Resilient Distributed Datasets(RDD) in Spark

RDD:

Resilient Distributed Datasets represents a collection of partitioned data elements that can be operated on in a parallel manner. RDD is the primary data abstraction mechanism in Spark and defined as an abstract class in Spark library it is similar to SCALA collection and it supports LAZY evaluation.



Characteristics of RDD:

1.Immutable :

RDD is an immutable data structure. Once created, it cannot be modified in-place. Basically, an operation that modifies RDD returns a new RDD.

2.Partitioned:

In RDD Data is split into partitions. These partitions are generally distributed across a cluster of nodes. When Spark is running on a single machine all the partitions are on that machine.

 

RDD Operations :

Applications in Spark process data using the same methods in RDD class. It referred to as operations

RDD operations are two types:

1.Transformations

2.Actions

 1.Transformations :

A transformation method of an RDD creates a new RDD by performing a computation on the source RDD.

RDD transformations are conceptually similar to SCALA collection methods.

The key difference is that the SCALA collection methods operate on data that can fit in the memory of a single machine, whereas RDD methods can operate on data distributed across a cluster of node RDD transformations are LAZY but SCALA collection methods are strict.

A) Map:

The map method is a higher order method that takes a function as input and applies it to each element in the source RDD to create a new RDD.

B) filter:

The filter method is a high order method that takes a Boolean function as input and applies it to each element in the source RDD to create a new RDD. A Boolean function takes an input and returns false or true. It returns a new RDD formed by selecting only those elements for which the input Boolean function returned true. The new RDD contains a subset of the elements in the original RDD.

c) flatMap:

This method is a higher order method that takes an input function in Spark, it returns a sequence for each input element passed to it. The flatMap method returns a new RDD formed by flattening this collection of the sequence.

D) mapPartitions :

It is a higher order method allows you to process data at a partition level. Instead of passing one element at a time to its input function, mapPartitions passes a partition in the form an iterator. The input function to the mapPartitions method takes an iterator as input and returns iterator as output.

E)Intersection:

Intersection method itakesRDD as input and returns a new RDD that contains the intersection of the element in the source RDD and the RDD passed to it as an input.

F)Union:

This method takes  RDD as input and returns a new RDD that contains a Union of the element in the resource RDD and the RDD passed to it as an input.

G)Subtract:

Subtract method takes RDD as input and returns a new RDD that contains elements in the source RDD but not in the input RDD.

 

H)Parallelize:

The Prallelized collections are created by calling Spark Context’s parallelize method on an existing collection in your driver program.
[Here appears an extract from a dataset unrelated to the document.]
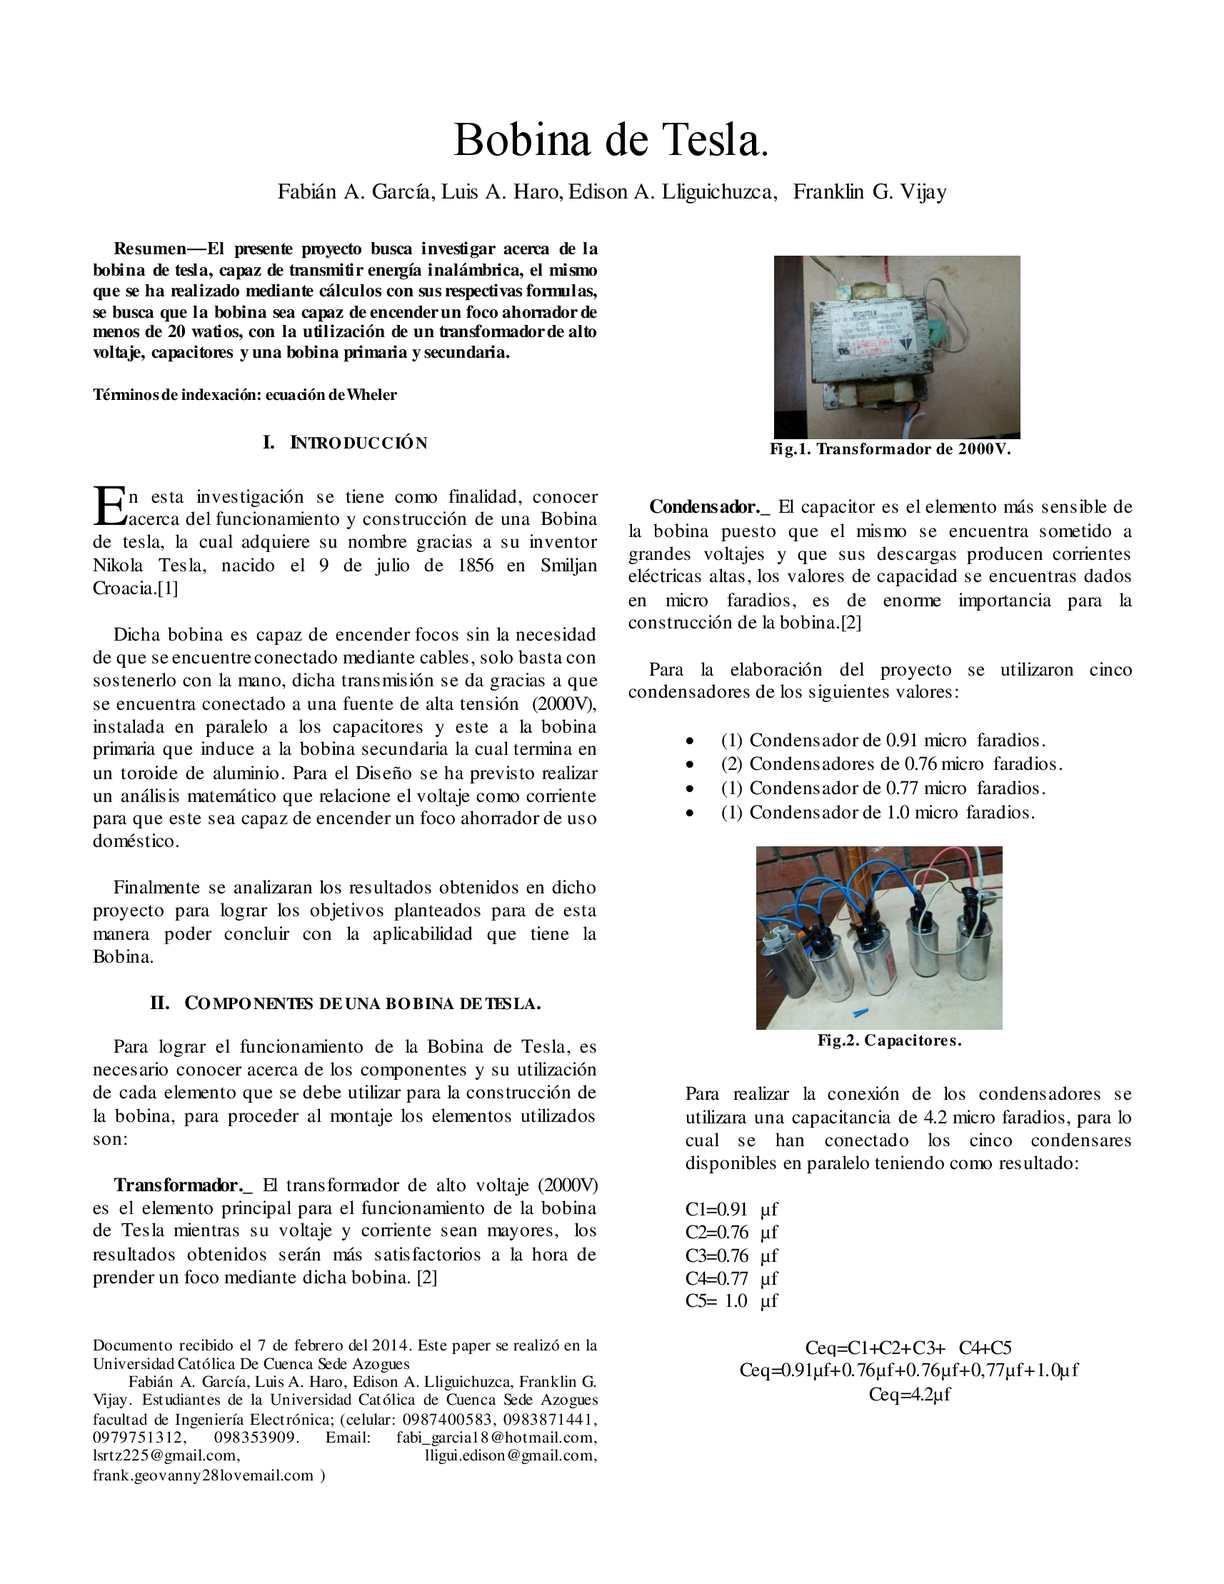 Circuito Bobina De Tesla : Elaboración de una bobina de tesla calameo downloader

The elements of the collection are copied to form a distributed data set that can be operated on in parallel.

 

I)Distinct:

Distinct method of an RDD returns a new RDD containing the distinct elements in the source RDD



J)Group By:

Group By is a higher order method it groups the elements of  RDD according to user-specified criteria. It takes as input a function that generates a key for each element in the source RDD. It is applicable to all the elements in the source RDD and returns an RDD of pairs.

 

K)Sort By:

The sortBy method is a higher order it returns RDD with sorted elements from the source RDD. It takes two input parameters. The first input is a function that generates a key for each element in the source RDD. The second input allows specifying ascending or descending order for sort.

 

L)Coalesce:

Coalesce method reduces the number of partitions in  RDD. It takes an integer input and returns new RDD with the specified number of partitions.

 

M)GroupByKey:

The GroupByKey method returns an RDD of pairs, where the first element in a pair is a key from the source RDD and the second element is a collection of all values that have the same key. It is the same as the groupBy method. The major difference is that groupBy is a higher order method that takes an input function that returns a key for each element in the source RDD. The groupByKey method operates in an RDD of key-value pairs.

N)ReduceByKey:

The higher-order reduceBy key method takes an associative binary operator as input and reduces values with the same key to a single value using specified binary operators.

2.Actions:

Actions are RDD methods that return a value to a driver program.

A)Collect:

The collect method returns the elements in the source RDD as an array. This method should be used with caution since it moves data from all the worker to the driver program.

B)Count:

This method returns a count of the elements in the source RDD.

C)Count By Value :

The countByValue method returns a count of each unique element in the source RDD. It returns an instance of the Map class containing each unique element and its count as a key-value pair.

D)First:

The first method returns the first element in the source RDD

E)Max:

The max method returns the largest element in  RDD

F)Min

The min method returns the smallest element in RDD

G)Top

The top method takes an integer N as input and returns an array containing the N largest elements in the source RDD.

H)Reduce

The high order reduces method aggregates the elements of the source RDD using an associative and commutative binary operator provided to it.

G)CountByKey

The countByKey methods count the occurrences of each unique key in the source RDD. It returns a Map of key count pairs.